Some say they that art was all they ever wanted to do. They were called to it. Pursuing their dream with teeth-gritted determination and fiery passion - but I never set out to make drawing my career path. If i had a 'secret origin', I'd say it was 'by accident'.
Yeah, there was a time at junior school when I was convinced I'd end up working for Disney or Hana Barbera, I thought it'd be easy to do. I was naïve to the whole painstaking laborious process involved, I thought you'd just draw a few pretty pictures then some machine 'filled in' the rest (which has sorta come true). Didn't know anything about hand-painting cells and the thousands of drawings involved, I just loved cartoons, and wanted to make them 'when I grew up'.
Don't get me wrong, I always loved comics, started to read them around the age of 4, and started to draw my own not long after. But i just did them for fun and to pass time at the back of maths class. Then i started to grow pubic hairs and notice girls and lost ALL interest in a career or planning my future. I just wanted to muck around with my mates and Debbie Everard.

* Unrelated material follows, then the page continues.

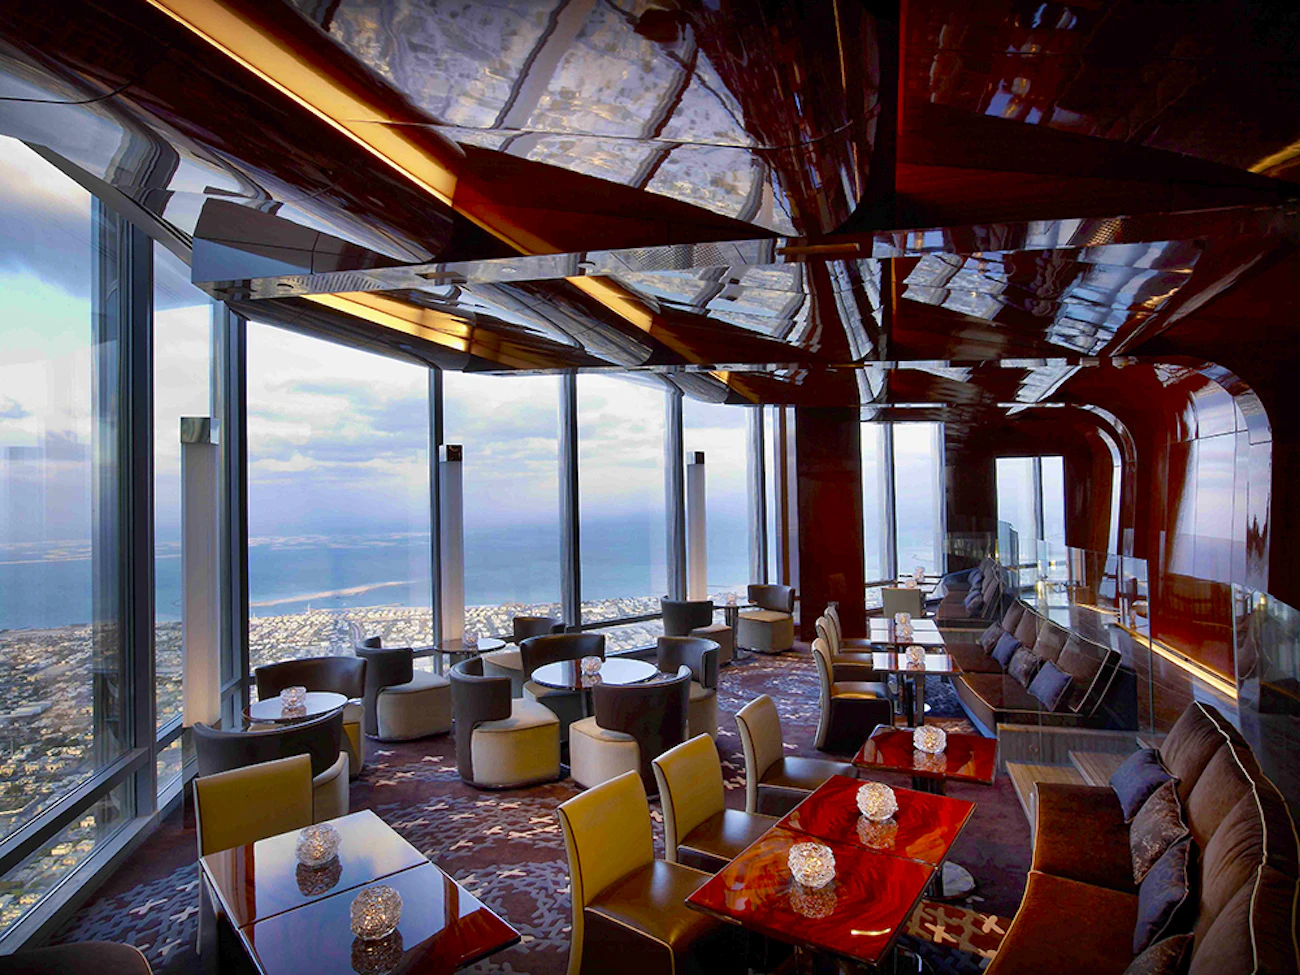 Dine experience at Burj Khalifa - Atmosphere with Discover Dubai by Night Category

Then i wanted to be Joe Strummer or Dave Vanian, that didn't happen. Then i wanted to be Sam Raimi or Luci Fulci, that didn't happen. It left me rather disenchanted. Felt lost and unfocused and needed some outlet, some way to get stuff outta my head.
...and I just started drawing again. I really got fired up! So much so I went and enrolled at art school
Which, other than meeting a coupla like-minded souls who became good friends, wasn't time well spent. Eventually, almost as a reaction to the bitter blinkered poseurs who attempted to teach me how to draw - and what to draw - i walked away from college and set up as a 'freelance artist'. Didn't know what the fuck i was doing, but it felt right choice.

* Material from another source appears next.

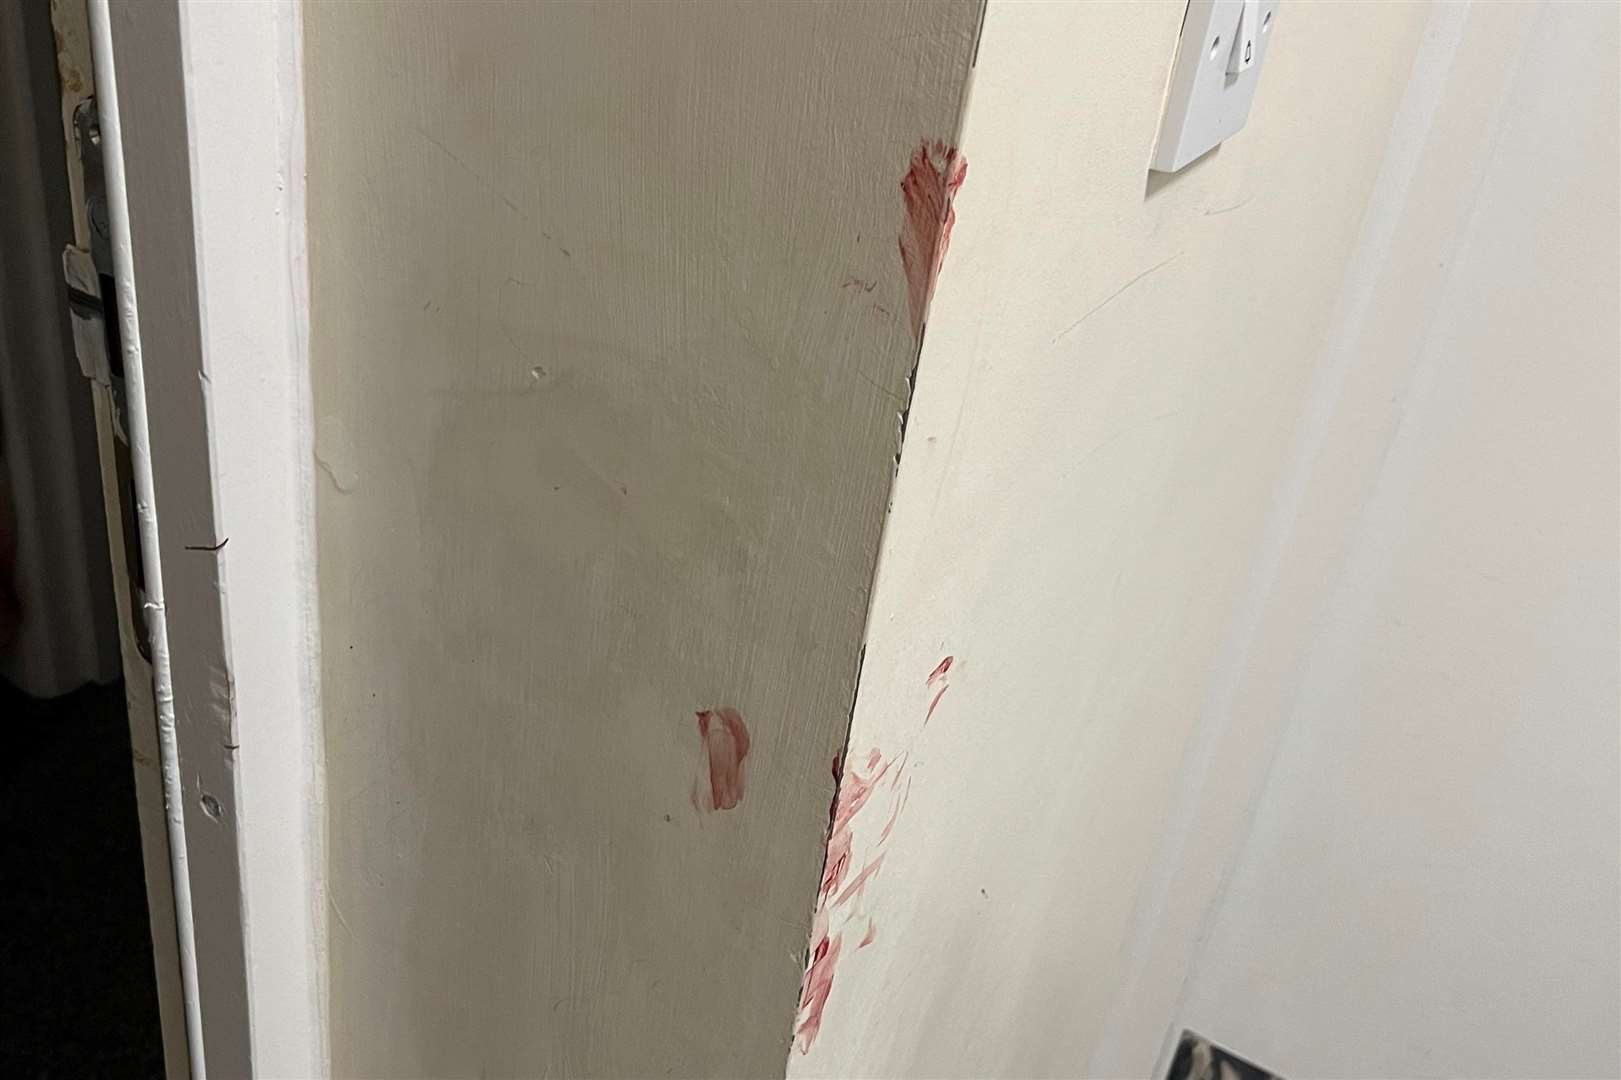 The blood-stained wall outside Rachael Jane's flat

Then fate/uncanny good timing landed me the dream-gig of drawing Mr. X for Vortex Comics. It all happened very fast. Way too fast! And because of reckless stuff i was doing in my personal life - it ended just as fast. And from then on, my career stalled and spluttered, and often left me unemployed, and without a penny to rub.
Early 90's was the lowest point. I was so close to packing it all in but then along came Zool - The Alien Ninja from The Nth Dimension.
Boxtree publishing had the rights to produce a series of illustrated book adventures featuring Zool, an early video game rival to Mario. Somewhere I'd bumped into Ian Edginton (writer of Scarlet Traces, Stickleback, and many fine works for 2000ad) who dug what i did with Mr.X. We shook hands, talked old comics, and weeks/months later he called asking if i wanted to team-up on the first Zool.
I was busy moving house at the time, having a relationship meltdown, and finishing up a bunch of samples/pitches, but hungry for a good break - i leaped at the chance! It was mostly a nightmare: tight deadlines, working all hours, waiting for a book that sometimes arrived in chapters or a few paragraphs at a time, re-writes, re-thinks, re-draws, along with an editor who thought he could write it better - which he couldn't.
...and getting all money owed took over 4 months of letters and phone calls, and finally an actual threat to turn up at the office with violent intent (they paid two days later). Leaving an editor cowering under his desk helped lose me the follow up gig, which added new misery and disillusionment.
But, looking at it now, with fresh, less jaded eyes, I'm really glad i did it. It's a fun book, set me some new challenges and helped develop/fine tune a new, more 'cartoony' style, prepping me for Rock and Roll High School a few months later.